§ TO DO:
Retype all of the listing exactly, with no pictures.

§ DATA SHOWN:

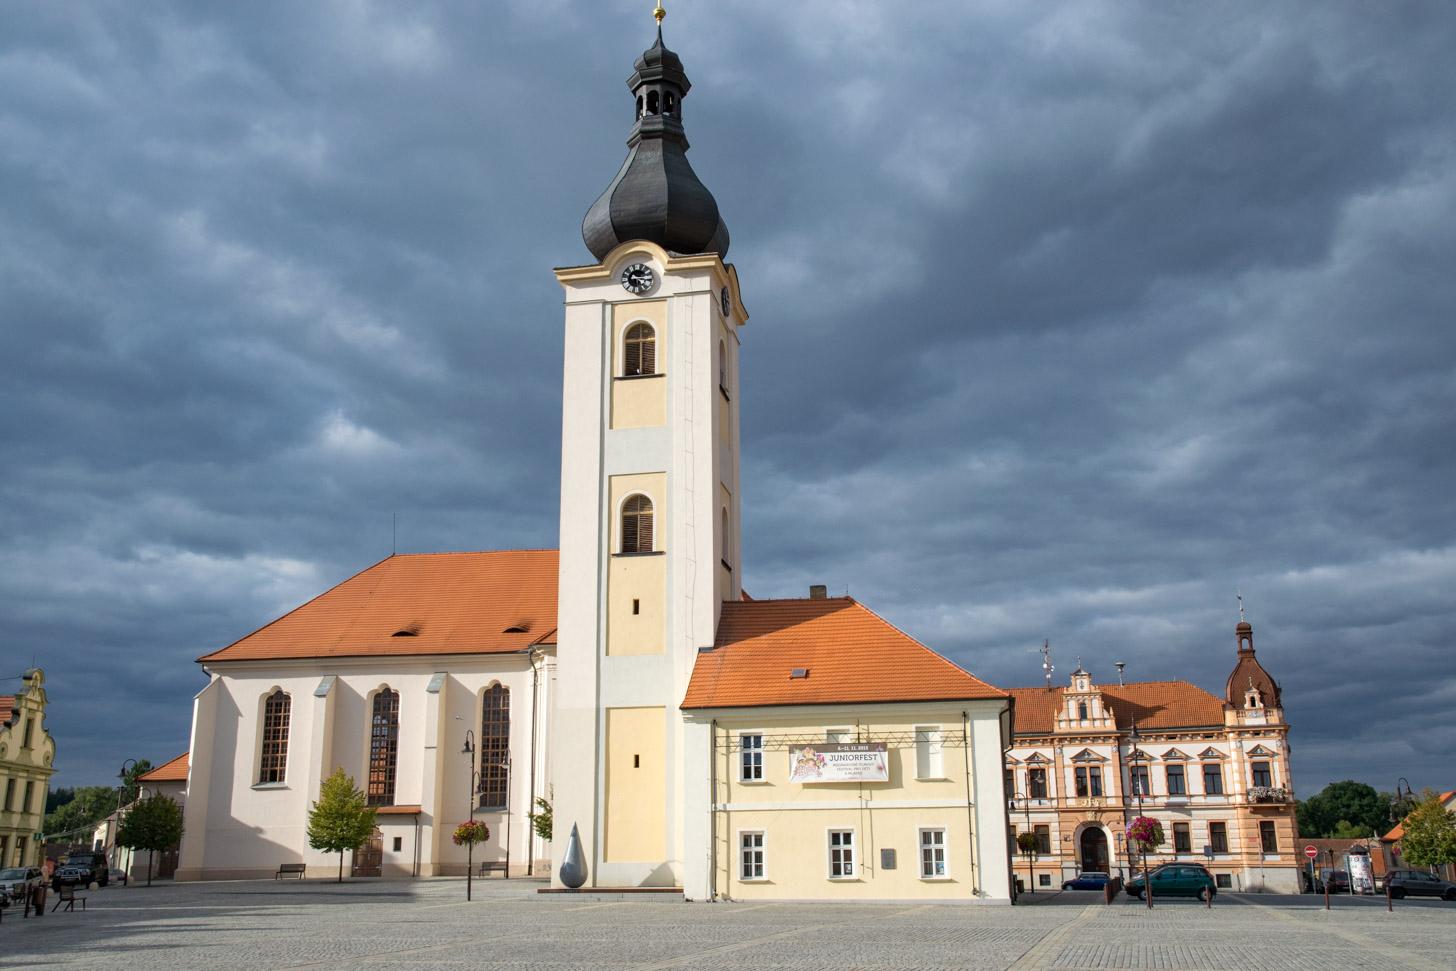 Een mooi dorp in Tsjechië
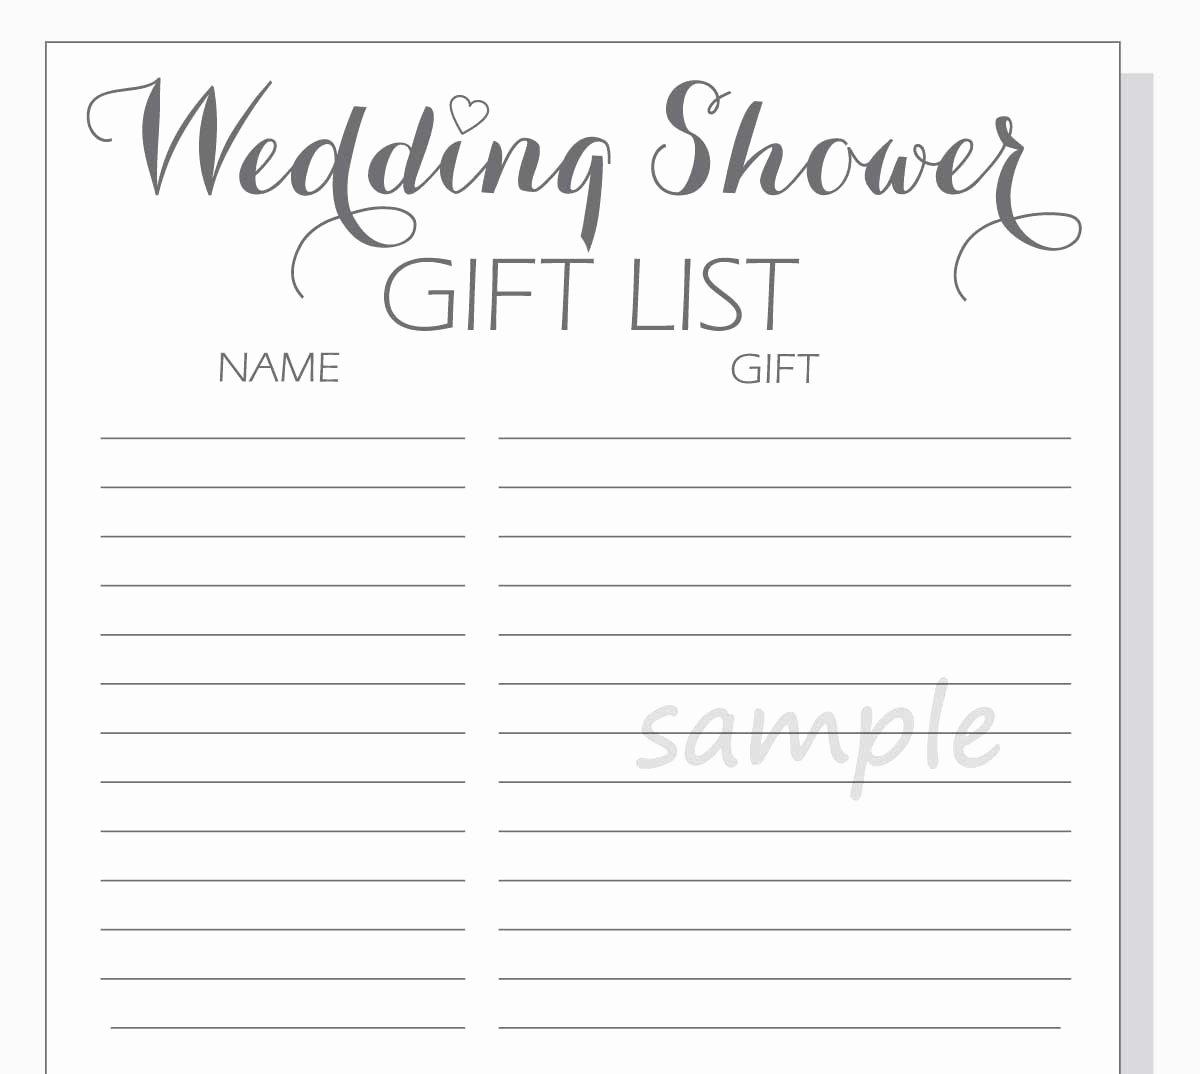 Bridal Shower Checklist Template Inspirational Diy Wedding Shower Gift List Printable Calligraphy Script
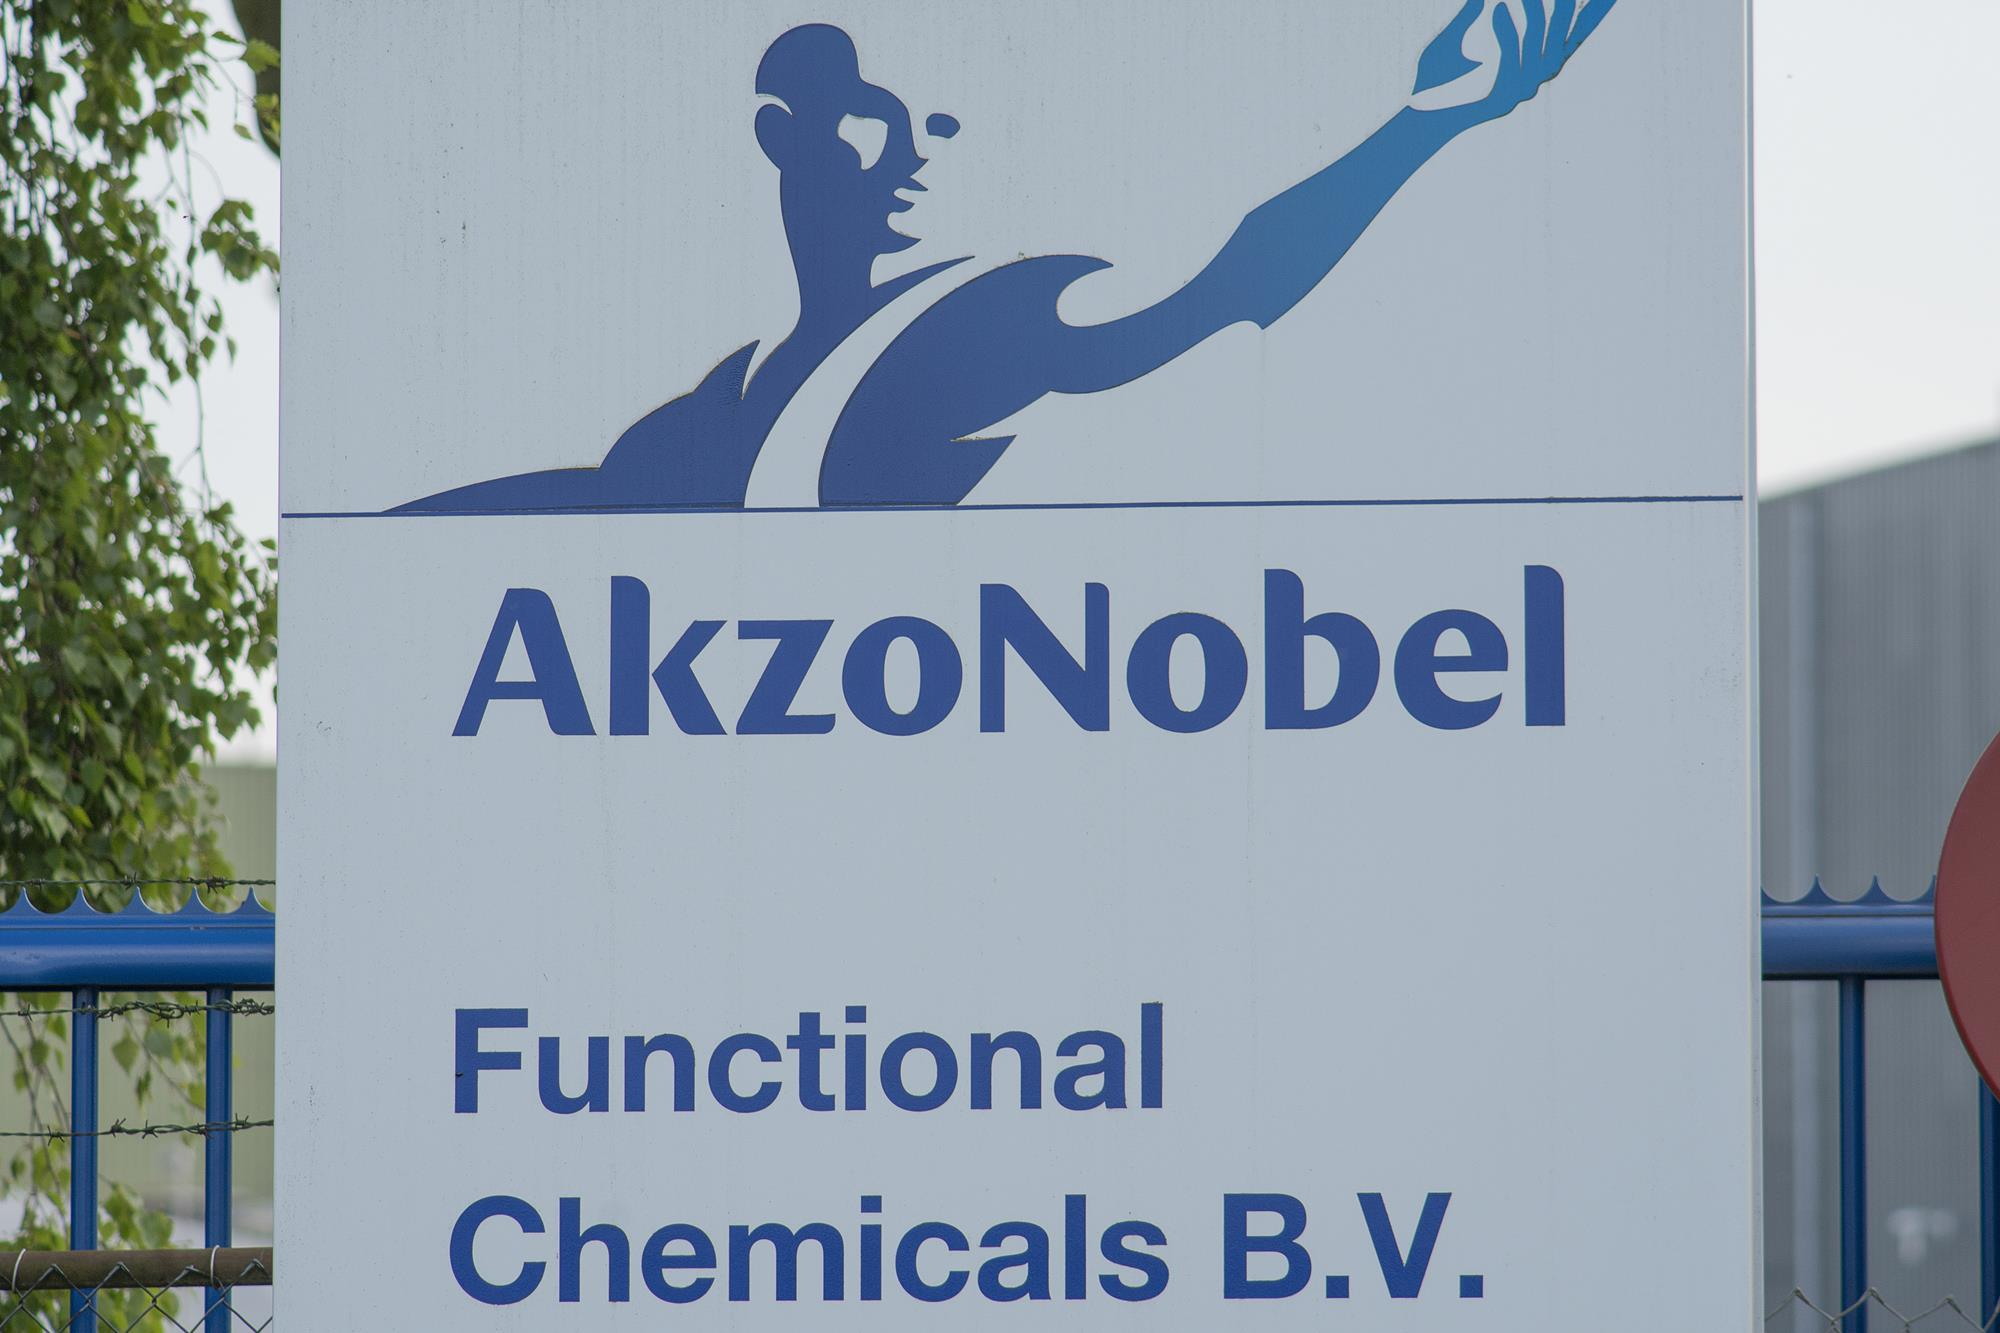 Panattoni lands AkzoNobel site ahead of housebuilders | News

§ THE COMPLETED TASK:
 Een mooi dorp in Tsjechië
 Bridal Shower Checklist Template Inspirational Diy Wedding Shower Gift List Printable Calligraphy Script
 Panattoni lands AkzoNobel site ahead of housebuilders | News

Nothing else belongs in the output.